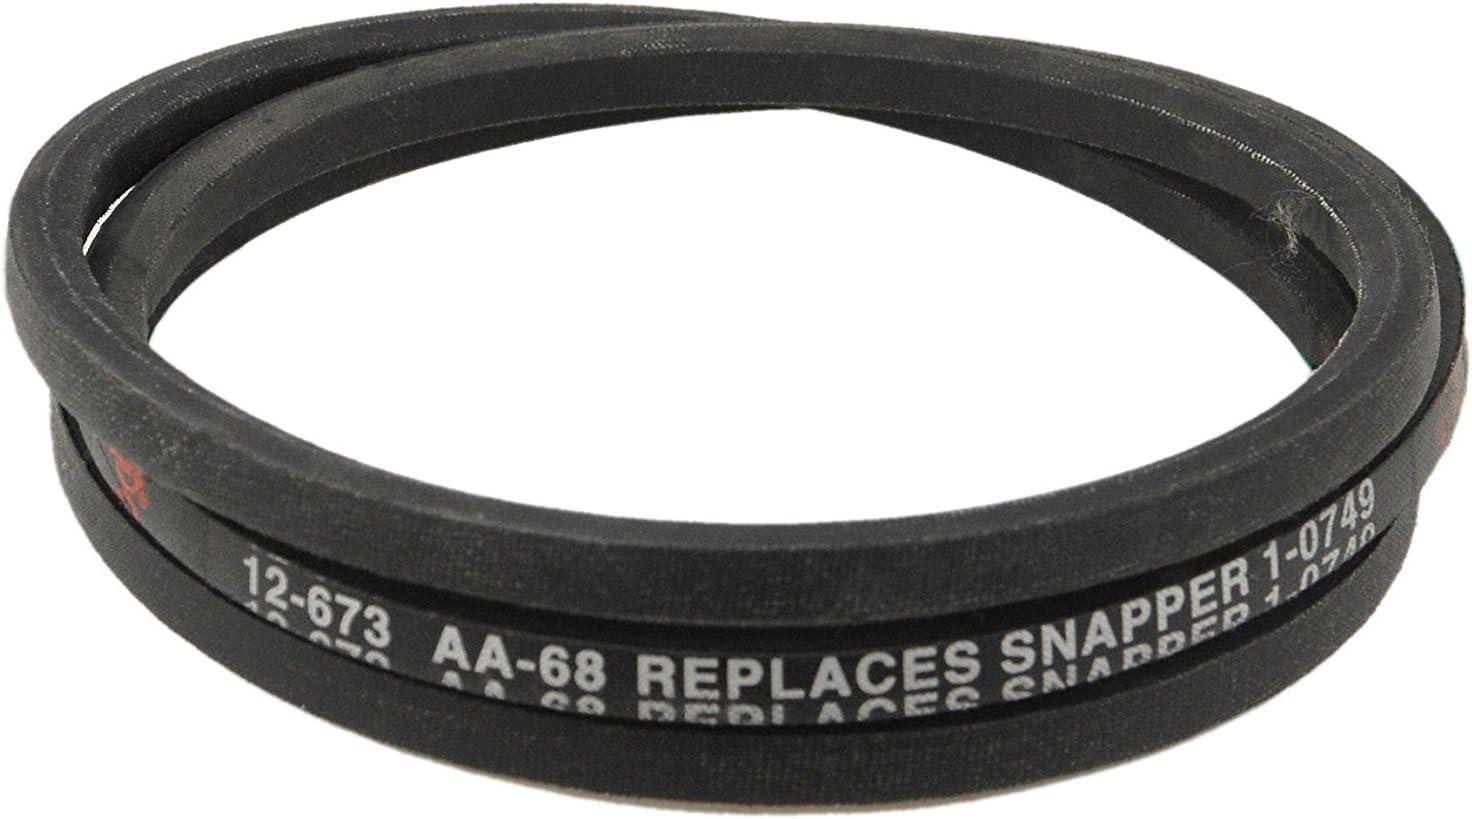 SNAPPER 1-0629 Replacement Belt 1//2x98
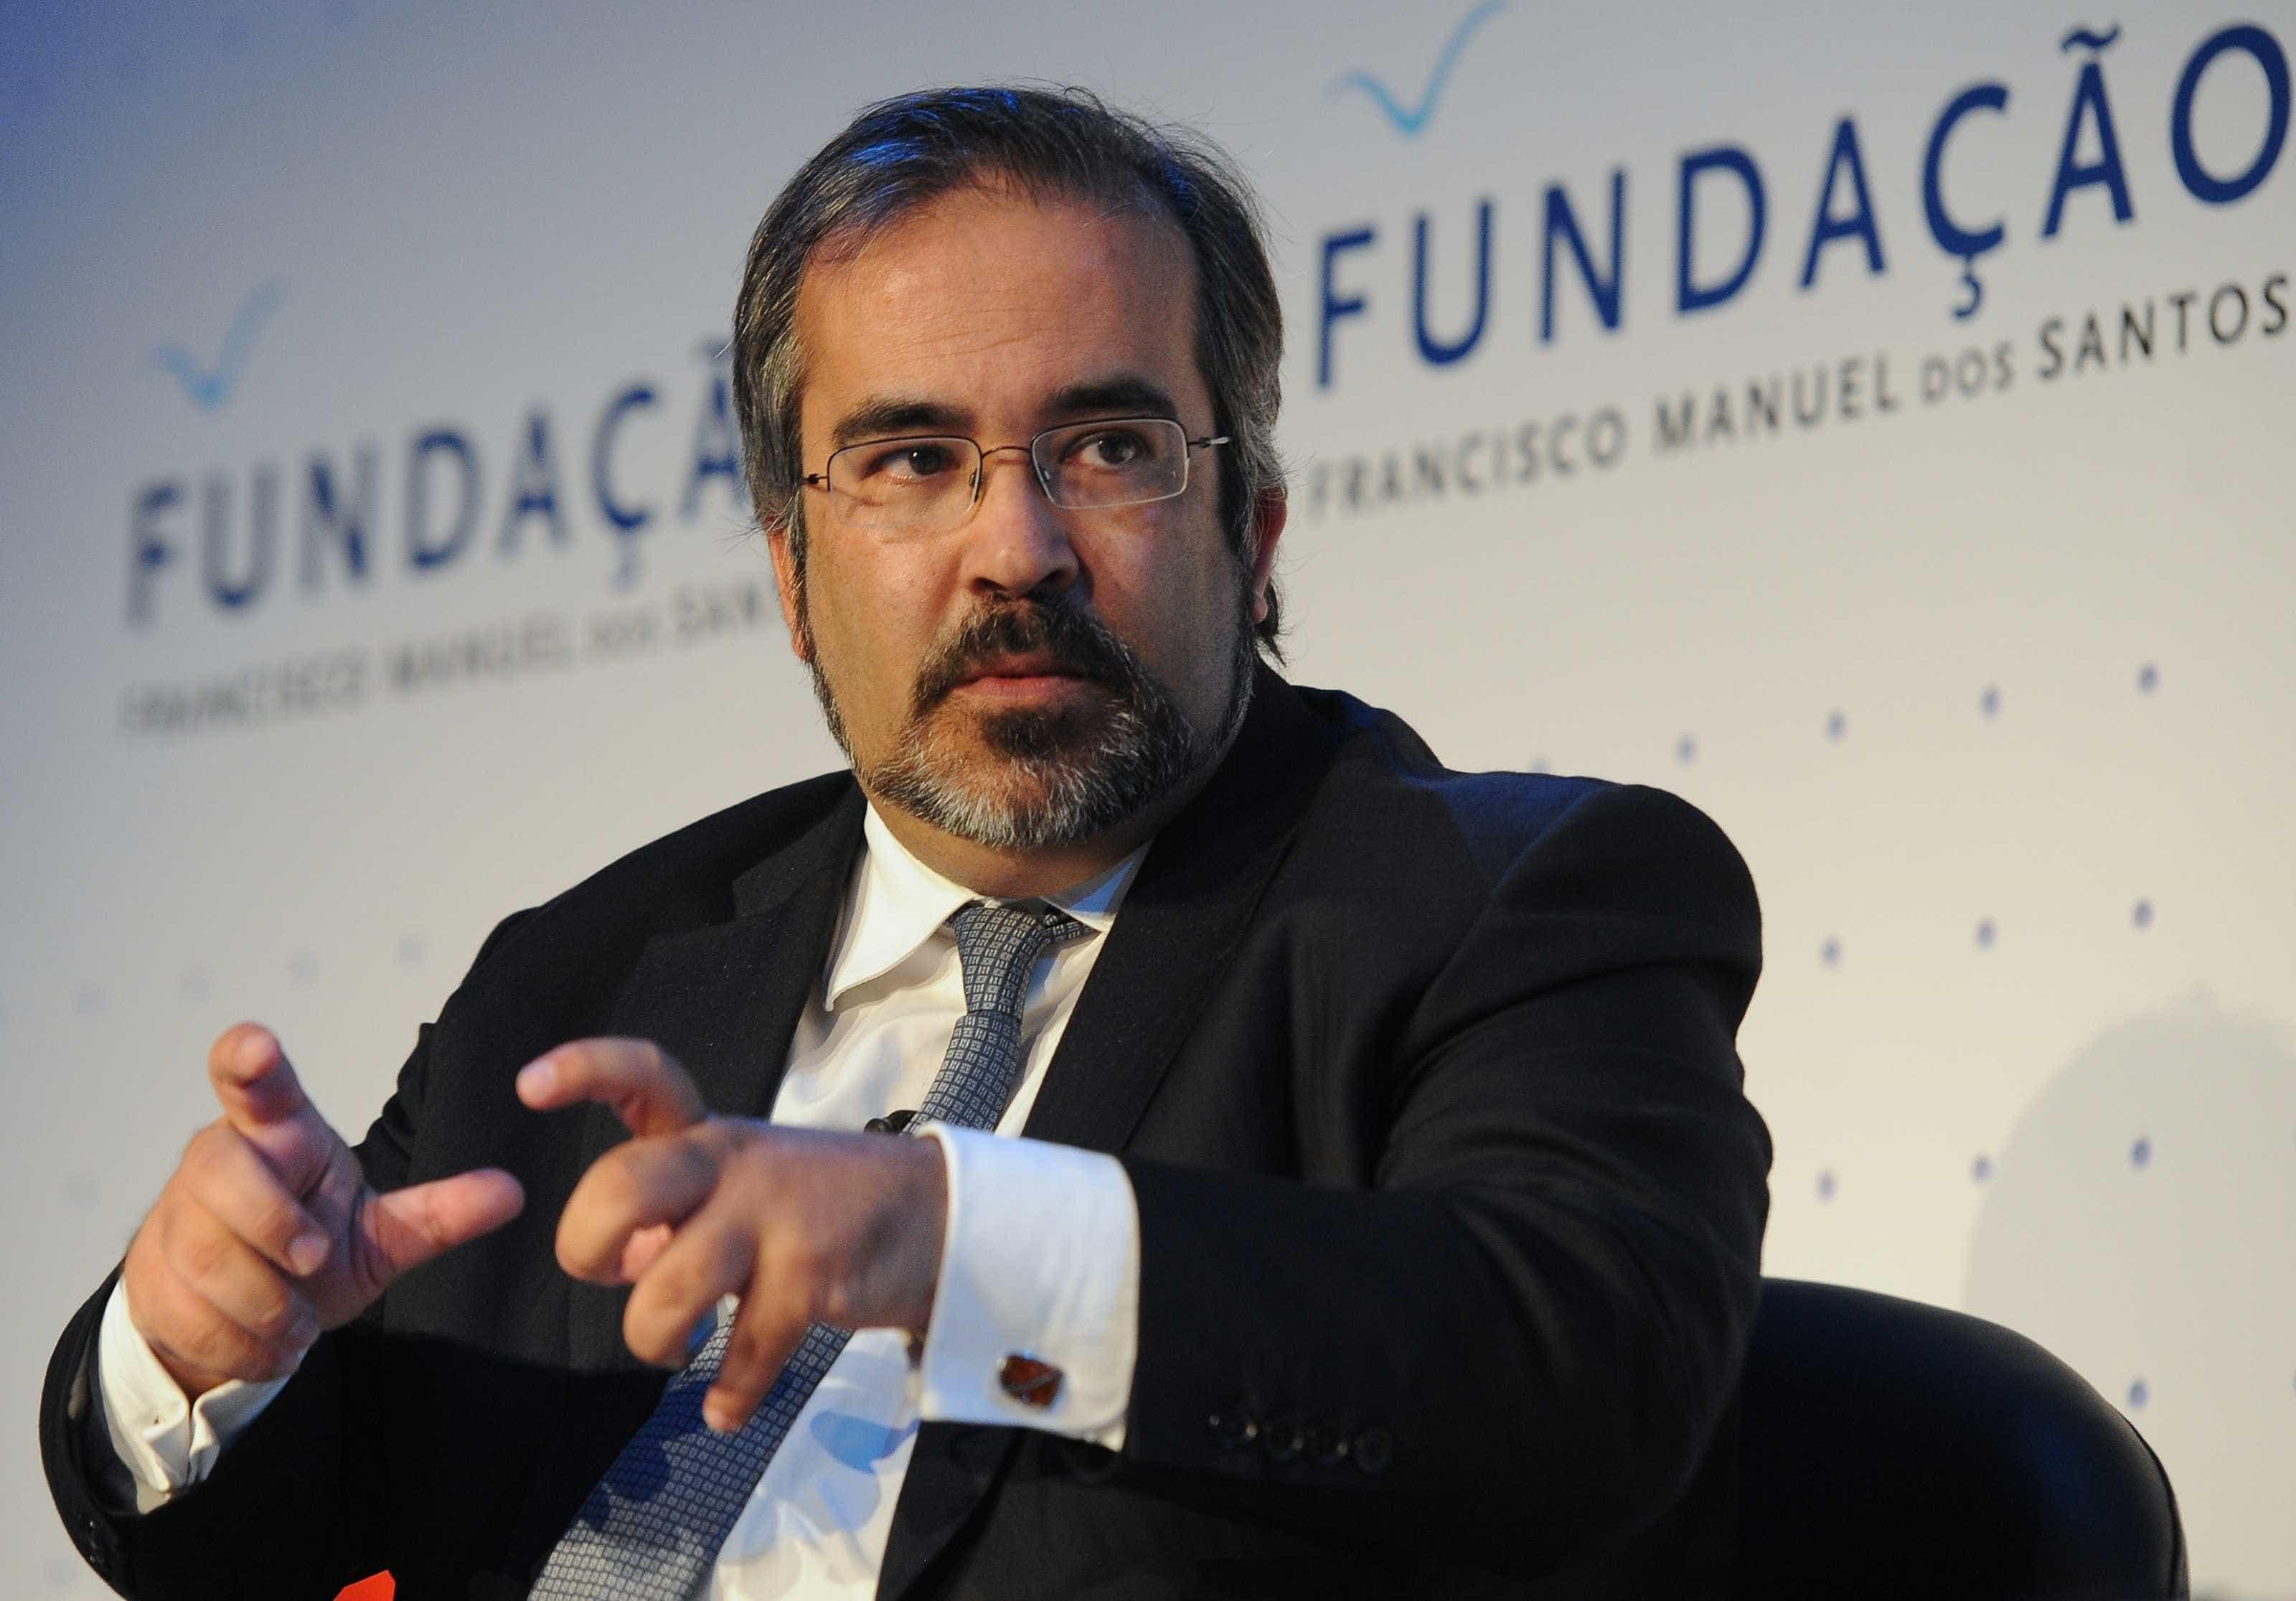 Venezuela: Paulo Rangel integra delegação que vai avaliar crise
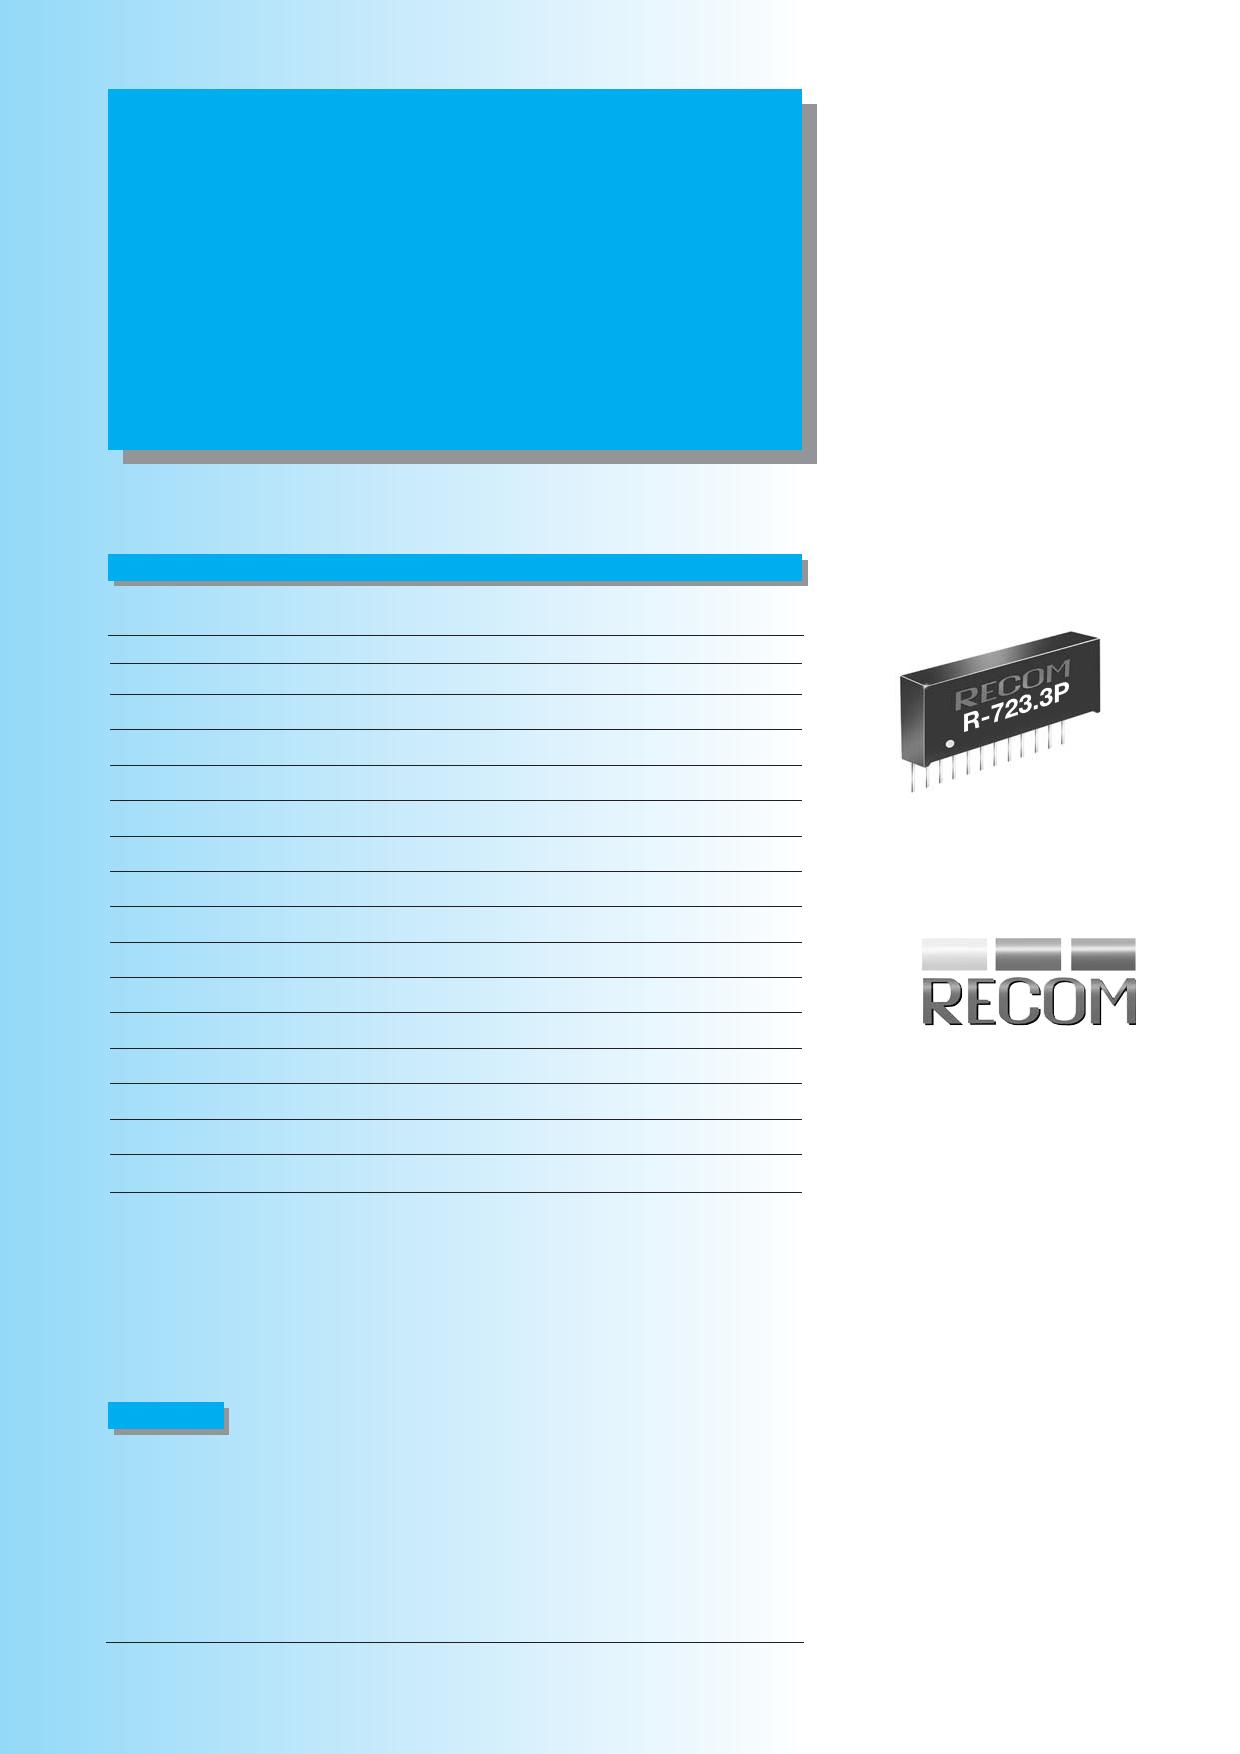 R-723.3P دیتاشیت PDF
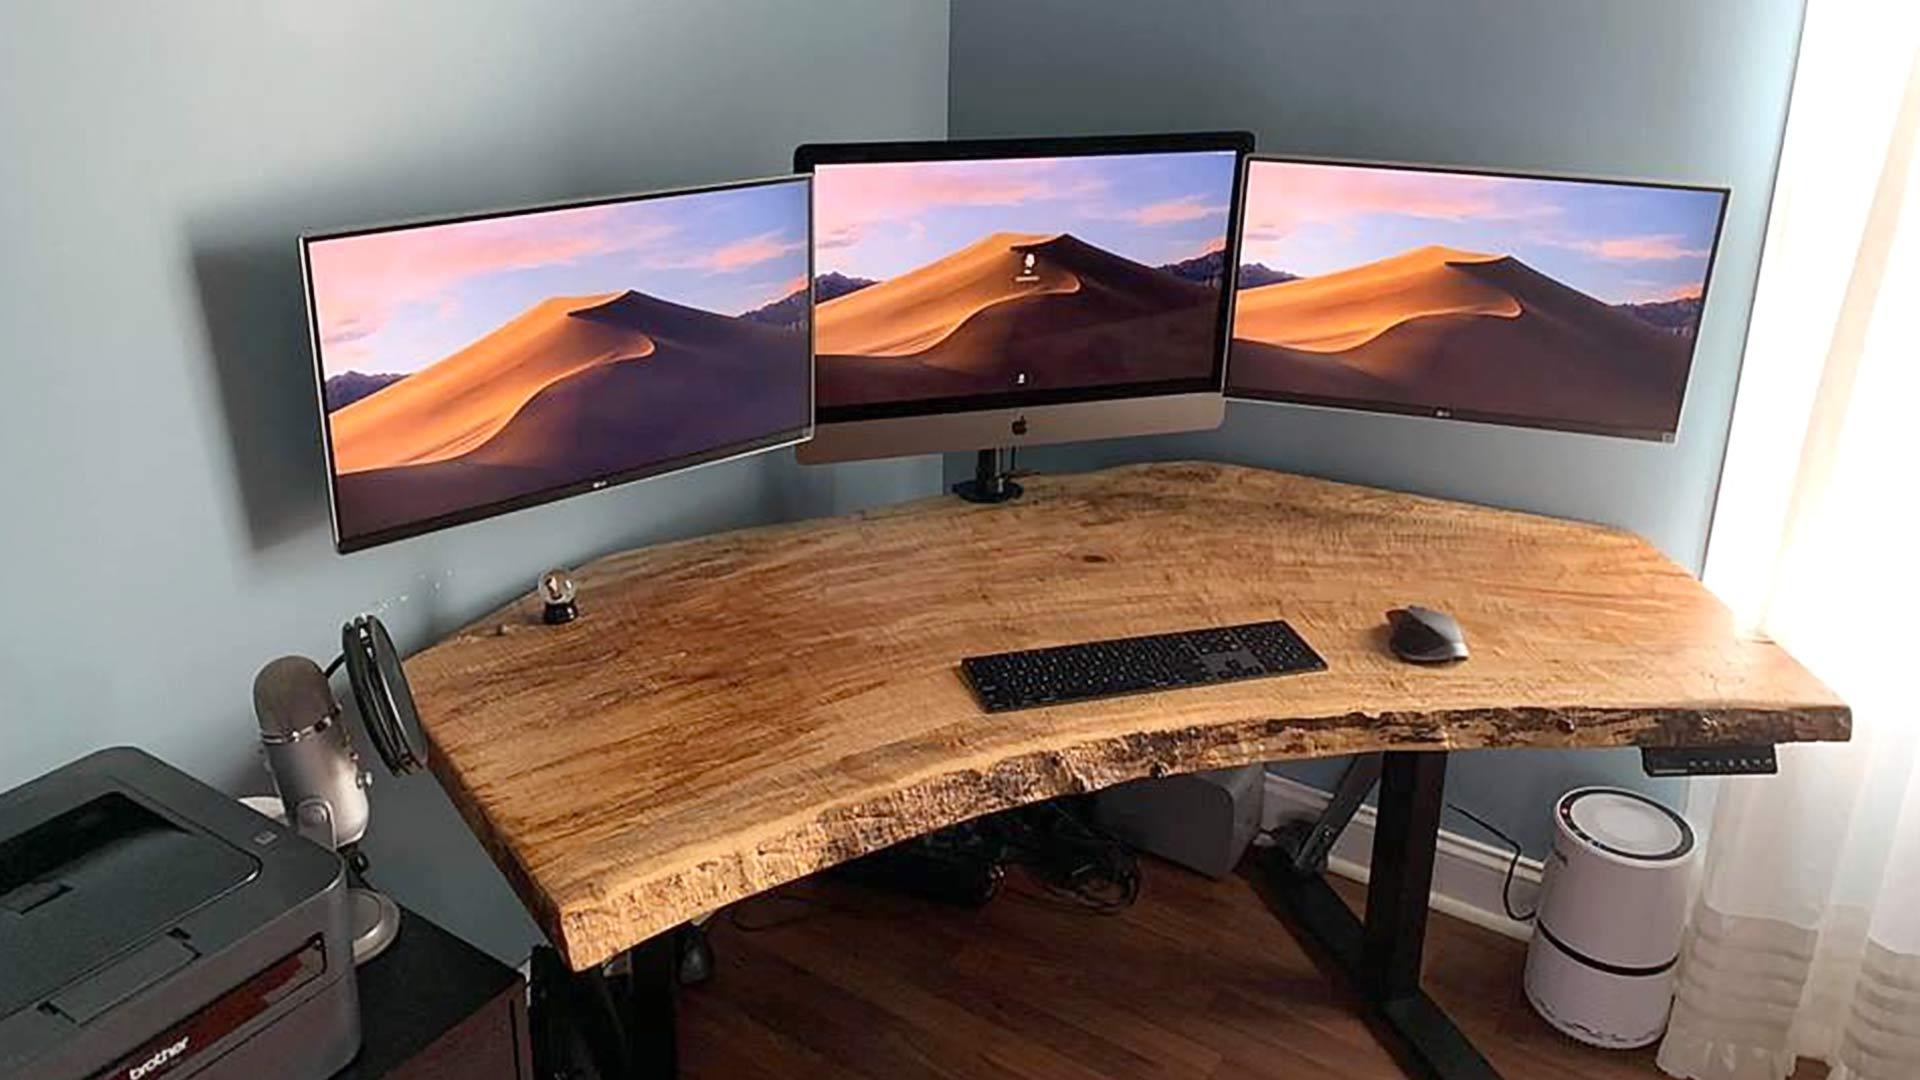 Beautiful custom desktop built on a SmartDesk DIY Kit standing desk frame.

----

◆ **Your goal**: All the material above must be copied exactly, and no picture belongs in the copy.

◆ **Answer section**:
 SNAPPER 1-0629 Replacement Belt 1//2x98
 Venezuela: Paulo Rangel integra delegação que vai avaliar crise
 R-723.3P دیتاشیت PDF
 Beautiful custom desktop built on a SmartDesk DIY Kit standing desk frame.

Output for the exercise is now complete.